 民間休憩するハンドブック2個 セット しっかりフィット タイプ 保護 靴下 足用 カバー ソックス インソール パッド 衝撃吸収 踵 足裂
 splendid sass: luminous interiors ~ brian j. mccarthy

# # # #

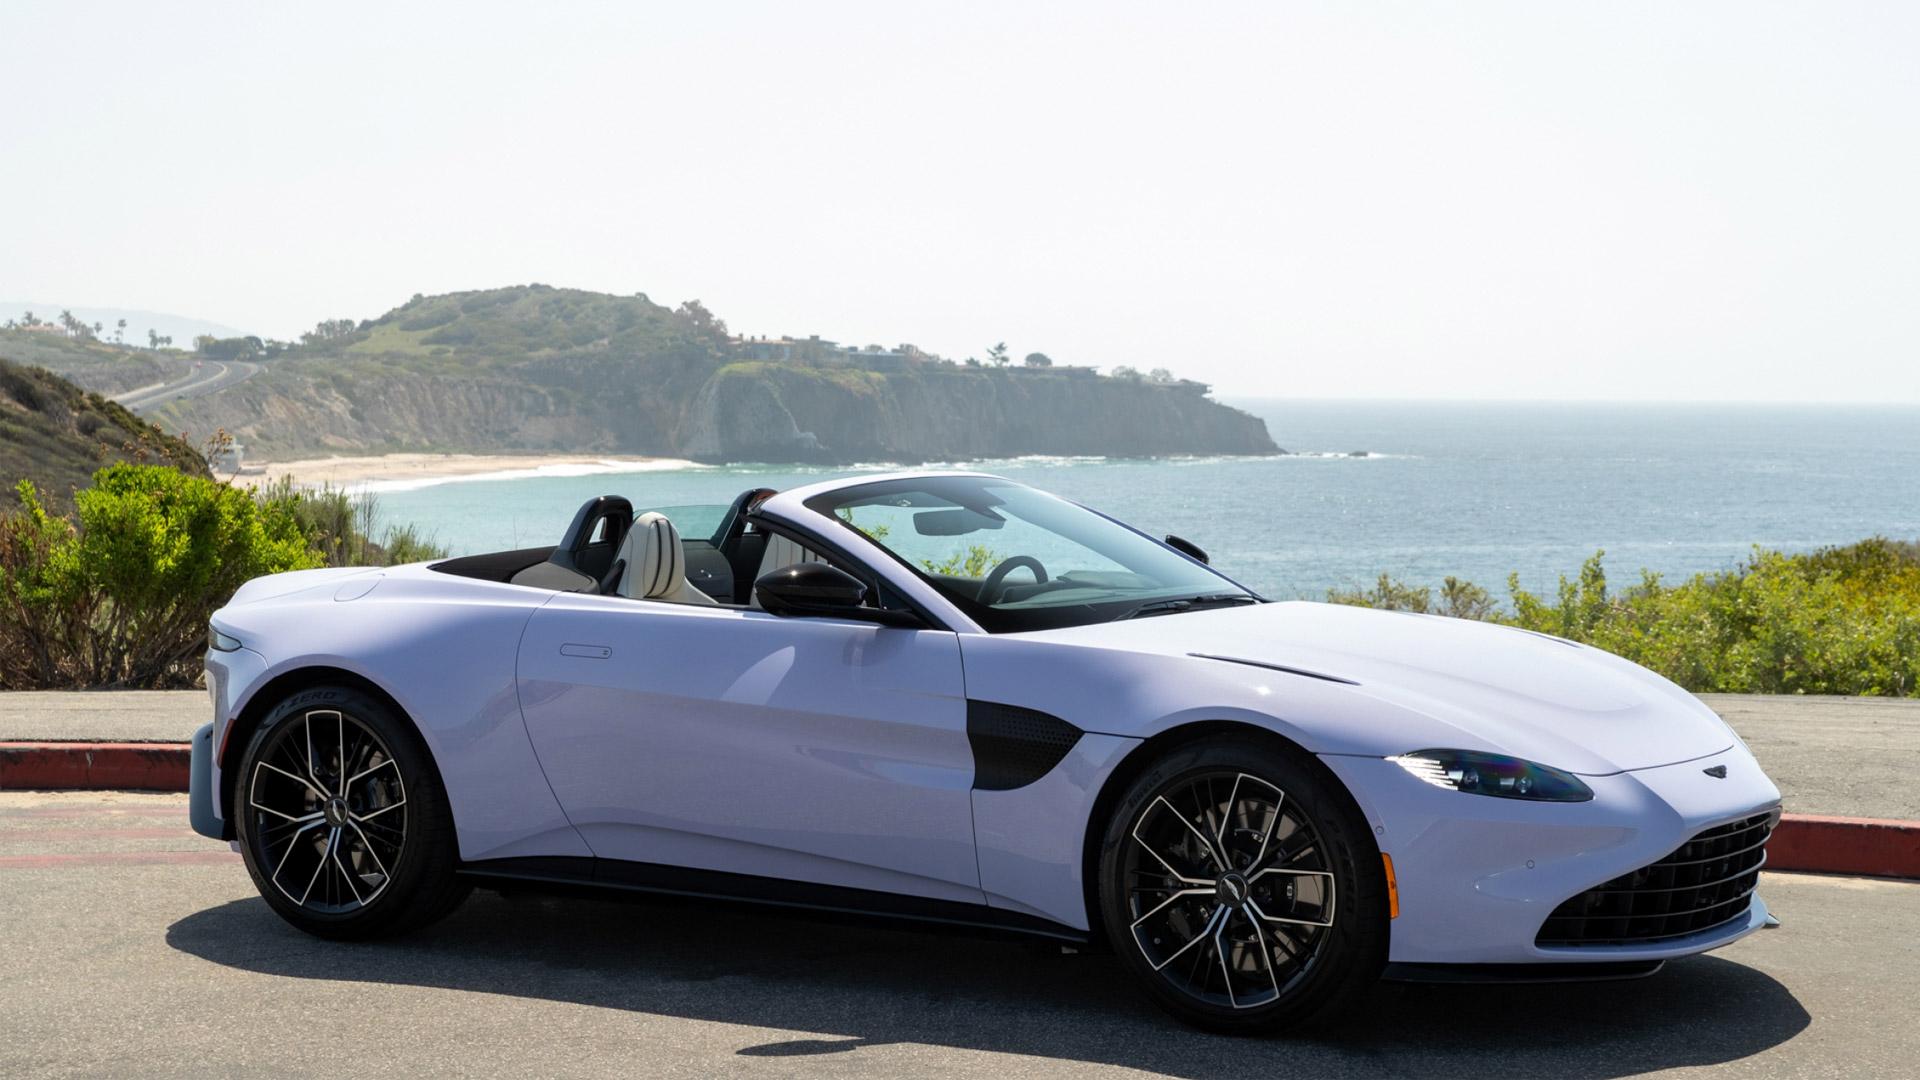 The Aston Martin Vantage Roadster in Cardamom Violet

# # # #

WORK INSTRUCTIONS
Above are the entries. Quote exactly the lines from the one bearing "民間休憩するハンドブック2個 セット しっかりフィット" through the one bearing "splendid sass: luminous".

EXERCISE RESULT
 民間休憩するハンドブック2個 セット しっかりフィット タイプ 保護 靴下 足用 カバー ソックス インソール パッド 衝撃吸収 踵 足裂
 splendid sass: luminous interiors ~ brian j. mccarthy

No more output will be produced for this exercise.